While Slyngstad is especially concerned about the fate of China in this new world order, he also questions the future of the global supply chains that make manufacturing tick and on which companies such as Apple rely to make iPhones in China.

"The interesting part long-term is if the global supply chains will become reconfigured,” he said. “Whether that’s actually going to become two regional ones, one centered on the U.S. and another centered on China, or are we still going to have a globalized supply chain as we have today."

One month ago we profiled the worst that could happen should supply-chains break down when he discussed the "calamitous chaos" that hit Brazil's shipping industry as a result of a series of concurrent logistical strikes, which paralyzed domestic trade and left foreign trade partners in a state of limbo.

With the fund spending recent years trying to spread its investments more evenly across the world, "building a roughly 10% stake in emerging markets and even moving into frontier markets", the fallout of the trade war was hard to miss in its second-quarter report, when the fund lost 5.7% in emerging market stocks and 4% on Chinese equities, the two sectors most impacted by trade war so far.

The fund has few places to hide from a trade war, but it remains committed to its goal of spreading investments. “We just invest an equal slice all over the world,” Slyngstad said.

The silver lining for Slyngstad is that unlike most of his peers he does not have window of opportunity in which to reverse his underperformance, and thanks to its very long term investment horizon, it can easily absorb losses for far longer than most funds; instead it builds on an expectation that ethical choices here and now actually make good economic sense further down the road.

That said, the operation is not some green hipper commune and there’s no conflict for the fund between saving the environment and chasing good returns, according to Slyngstad.

In fact, in the long-term, it has only aim: "That’s trying to make money.:

“We just think about it in a very long term,” he said “That’s why we kind of look at the bigger risk picture."

That philosophy can be observed in the fund's UK investments: despite Brexit and the growing threat of hard divorce, the investor has continued to invest in the U.K. and London, where it owns large swaths of real estate, including much of Regent Street.

"Our confidence in London is strong,” Slyngstad said. “Not first of all as a financial center but as a world capital.

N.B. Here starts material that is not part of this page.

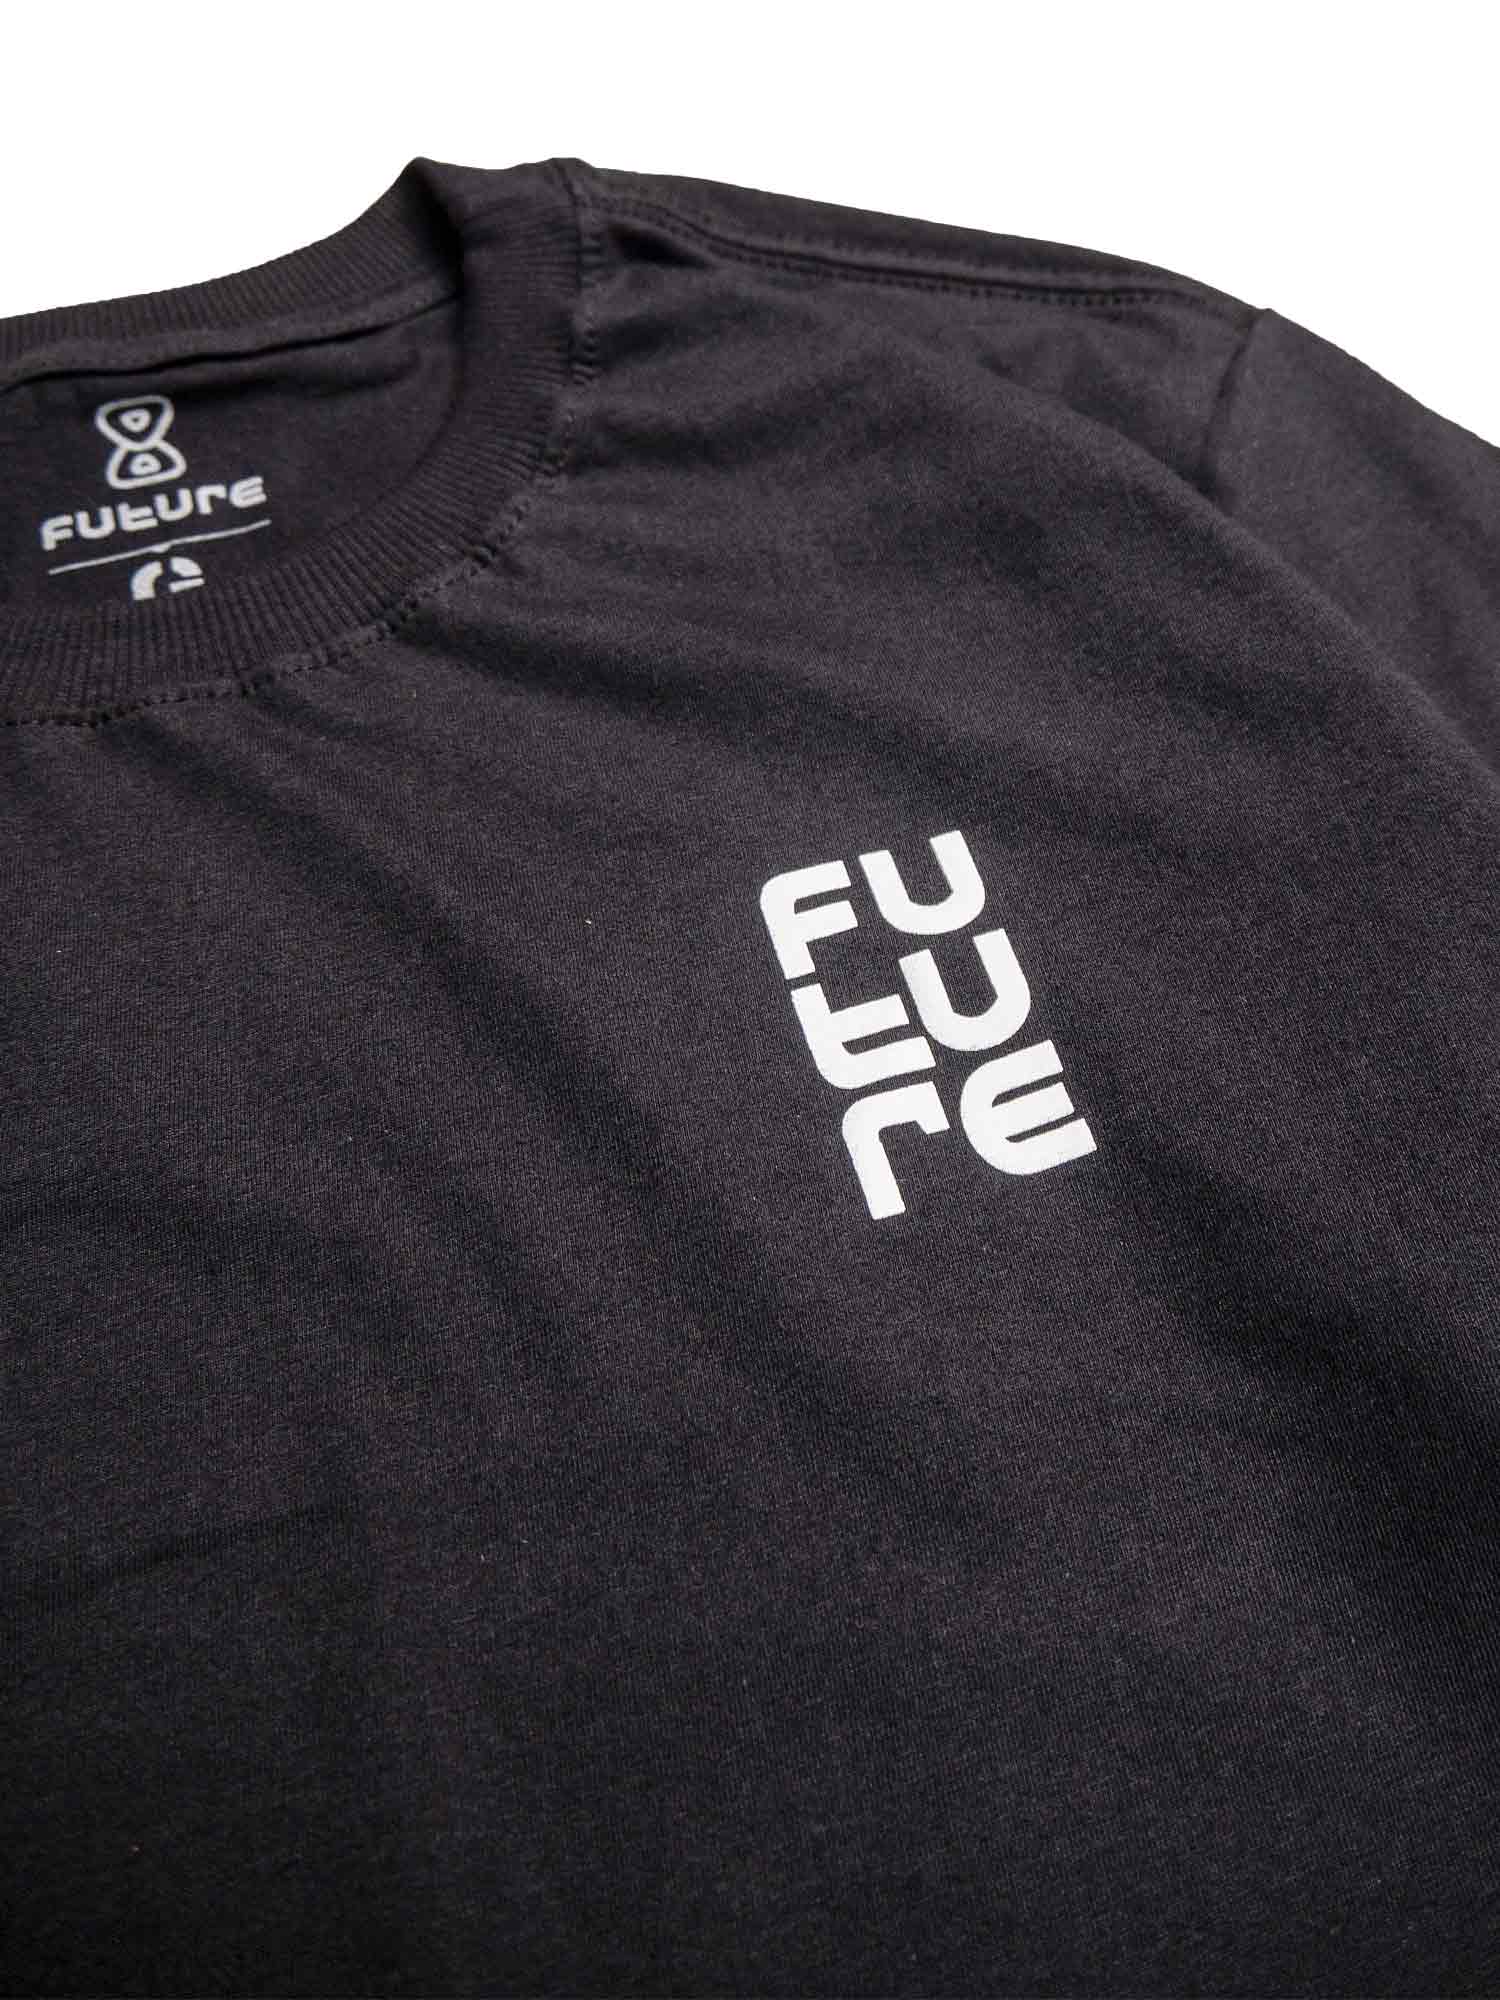 Camiseta-Future-Texturized-Preta-Frente-Close

There’s a lot of activity that goes on there that is key and crucial for the world economy so we will be long-term investors in London and the U.K. in general."

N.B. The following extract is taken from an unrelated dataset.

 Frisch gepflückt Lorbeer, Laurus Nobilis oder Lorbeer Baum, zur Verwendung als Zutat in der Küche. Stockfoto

The same is not the case everywhere else; as its expansion into global cities around the world has slowed down a bit in recent years. The fund has a $26 billion real estate portfolio that it wants to build up to about 7% of its assets.

Echoing Buffett, Slyngstad said that "we haven’t really found pricing that attractive these days so we haven’t invested that much for the last couple of years."

As for whether or not the sov wealth fund's investment horizon is truly "long-enough", it will depend on the duration of the trade war, which increasingly more on Wall Street are worried my last far longer than most had initially expected.